Quintana received more unspoken warnings on stage 6 from his rivals that they will not let him cruise home to victory on Sunday unchallenged. The fast and fraught second day of battle for time bonuses amongst the favourites of the Volta a Catalunya on Saturday saw Quintana strongly defend his lead, though, with Movistar leading the Colombian climber close to the front of the pack whenever needed.
However, the strong winds and frequent changes of direction on a very fast, downhill stage meant there was a definite risk of echelons and on one occasion a prolonged drive at the head of the pack by Italy’s Matteo Tossato with Alberto Contador tucked in on his back wheel made it clear Contador, in second place and just seven seconds back, has no intention of dropping the pressure.
Contador and former leader Dan Martin (Etixx QuickStep) had already shaved time off Quintana’s advantage in a time bonus hot spot sprint on stage 5 and Martin did so again on stage 6, gaining another three seconds in another intermediate sprint. The Irishman is now 18 seconds back, one second down on Richie Porte (BMC Racing), whilst Romain Bardet (AG2R La Mondiale) having gained another second, is another threat, 31 seconds back.

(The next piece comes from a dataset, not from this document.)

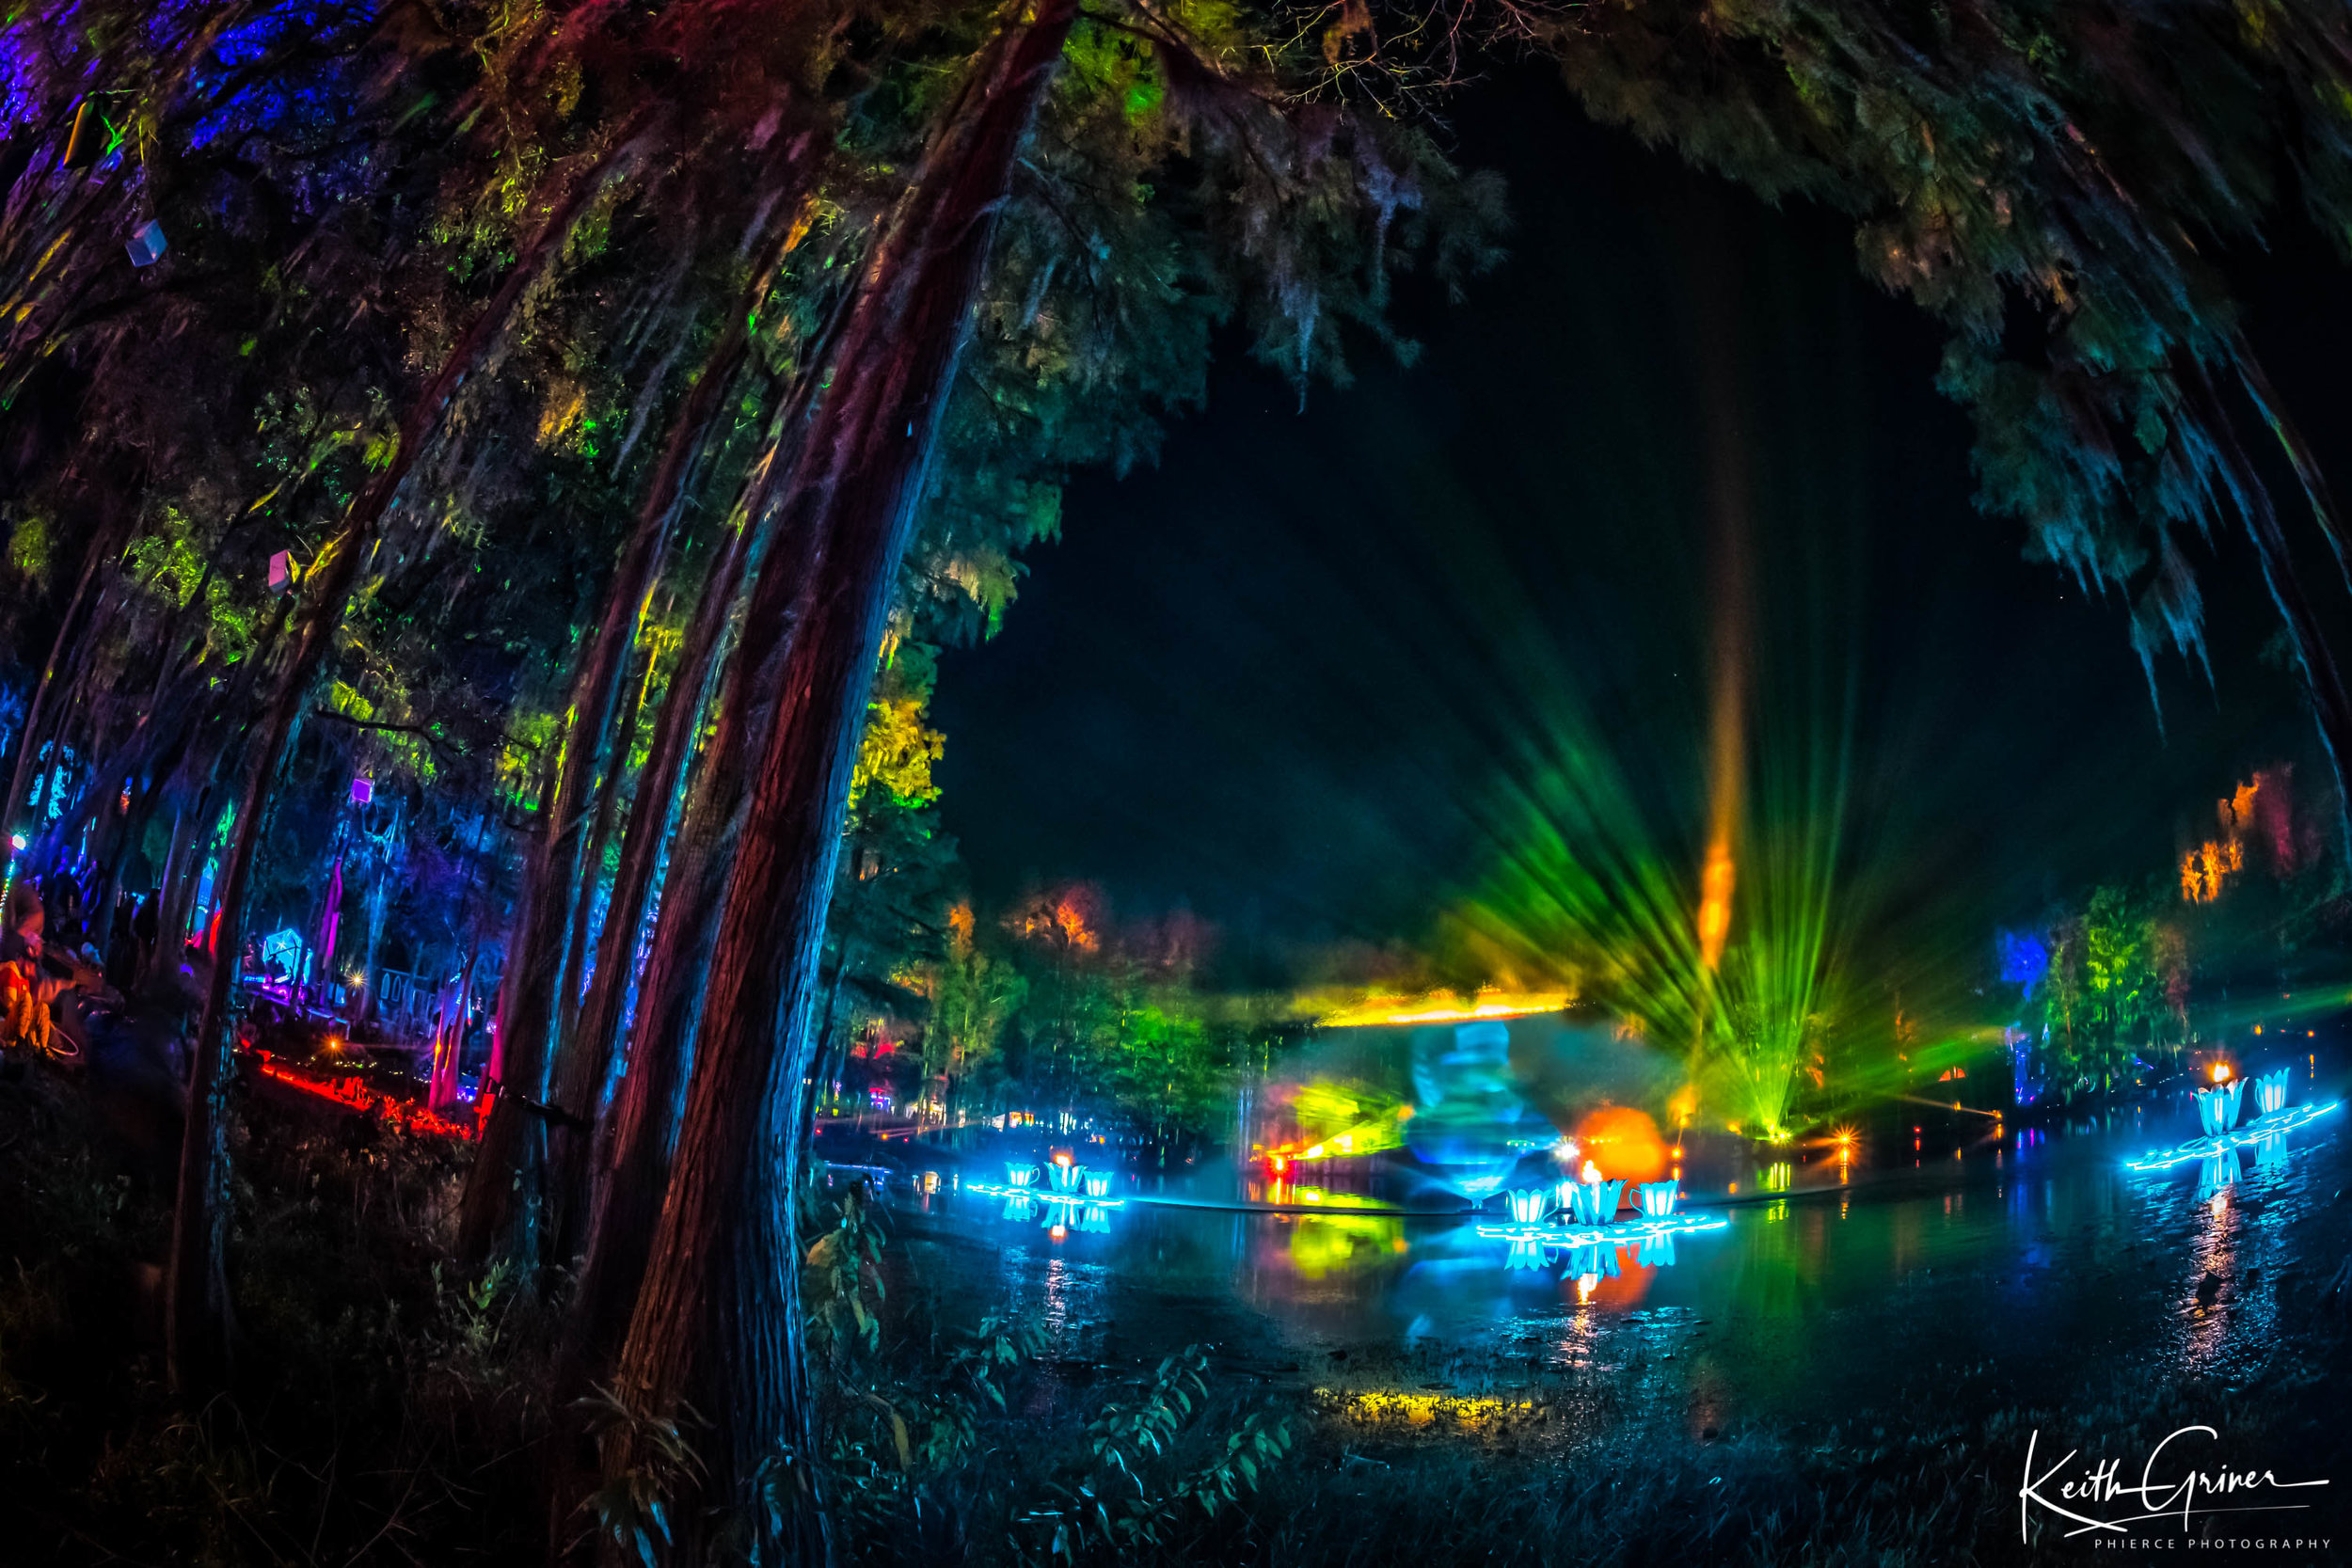 Hula_Spirit Lake_by Keith Griner 0D5_3213-Edit.jpg

Referring to the ultra-close GC classification - and bearing in mind there are two more hot spot sprints tomorrow, too, as well as the bonus seconds on offer at the finish - Quintana said after stage 6, “I hope it’s not going to get too tricky, but of course I’m expecting attacks.

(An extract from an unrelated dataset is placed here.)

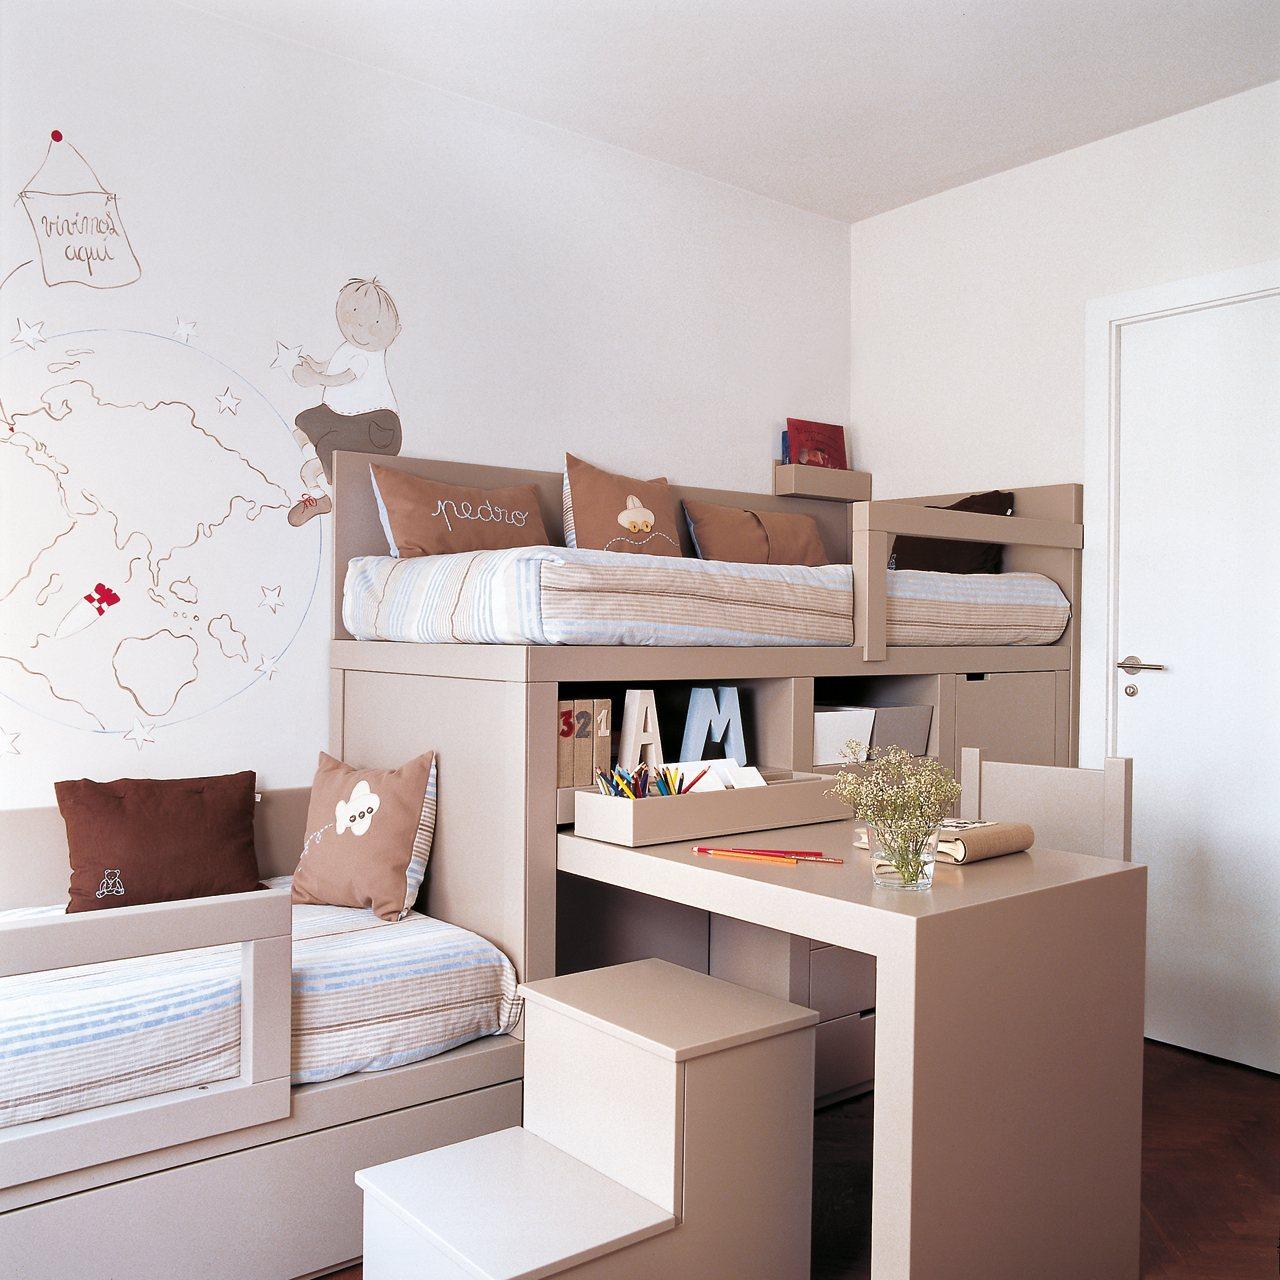 Dormitorios infantiles peque os s cales partido - Literas para ninos pequenos ...

“The Montjuic circuit isn’t that technical, but it can get fiddly. There will be attacks but on other years it’s all come down to a small bunch sprint.”
One factor in his favour, of course, is a strong Movistar squad that proved itself up to all the challenges on stage 6’s long grind across the hills and twisting valley roads of southern Catalunya on Saturday.

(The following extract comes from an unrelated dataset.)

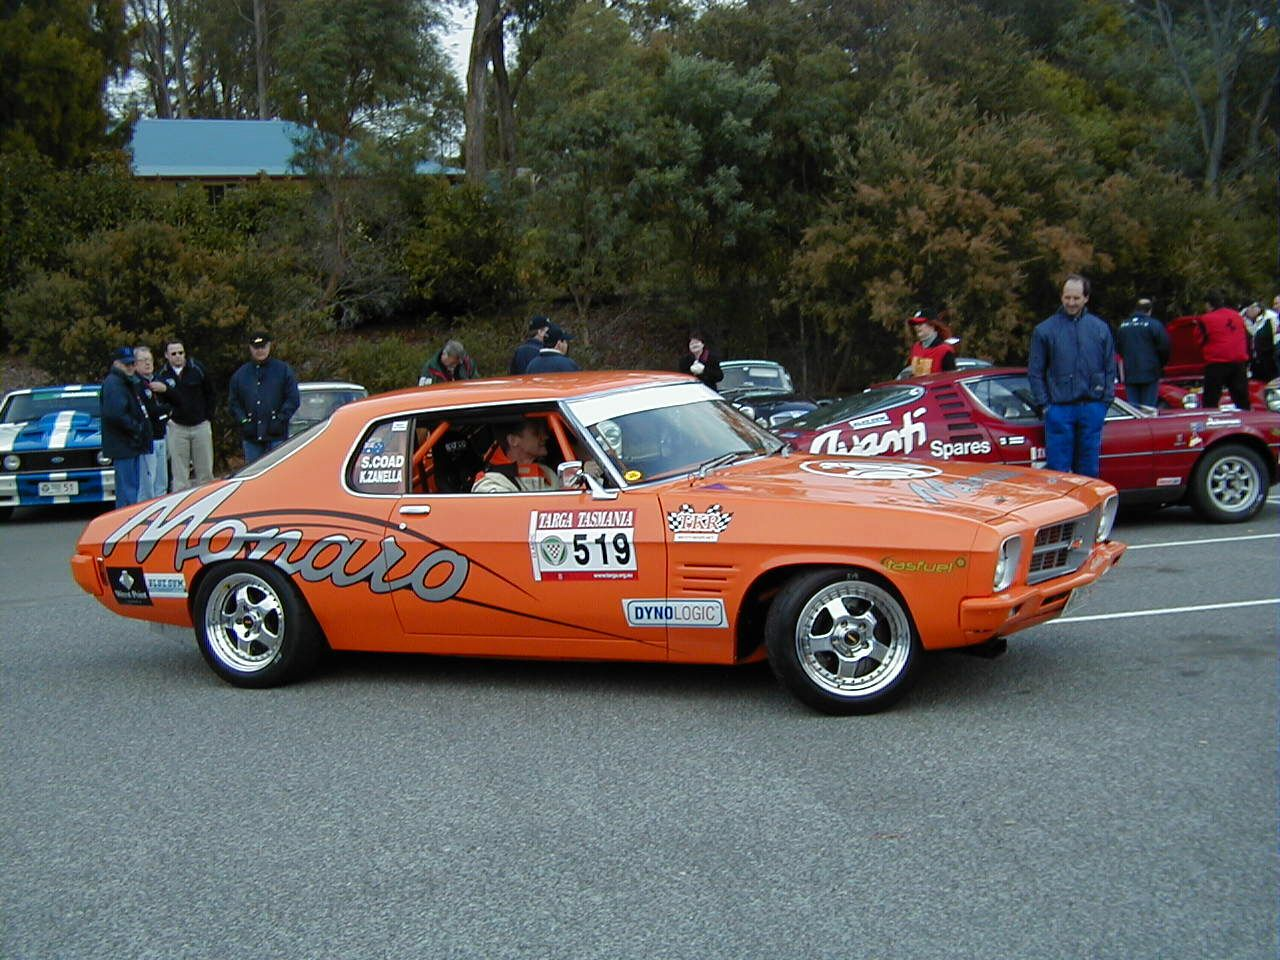 old school monaro at targa tasmania famous holden chev race cars. Black Bedroom Furniture Sets. Home Design Ideas

“We’ve got good riders here, guys like Winner [Anacona] and Imanol [Erviti] and the team worked well today,” he reflected. He is also, he said, “pleased with how I’ve been able to step up to the mark here in Catalunya, going from racing non-WorldTour stage races this season to bigger events.”
Martin’s move showed that the Colombian cannot sleep on his laurels but history is definitely on Quintana’s side. The last time the top spot in the Volta a Catalunya GC has changed hands on the last day was in 2008, when France’s Remi Pauriol lost the green and white leader’s jersey to Gustavo Cesar Veloso. That though, occurred in rather bizarre circumstances - a torrential downpour wreaked confusion in the peloton and saw a break of three including Veloso go clear. The Spanish rider managed to place second on the stage, ousting Pauriol, although his win was so unexpected it was some time after the finish that it was confirmed by the organisation.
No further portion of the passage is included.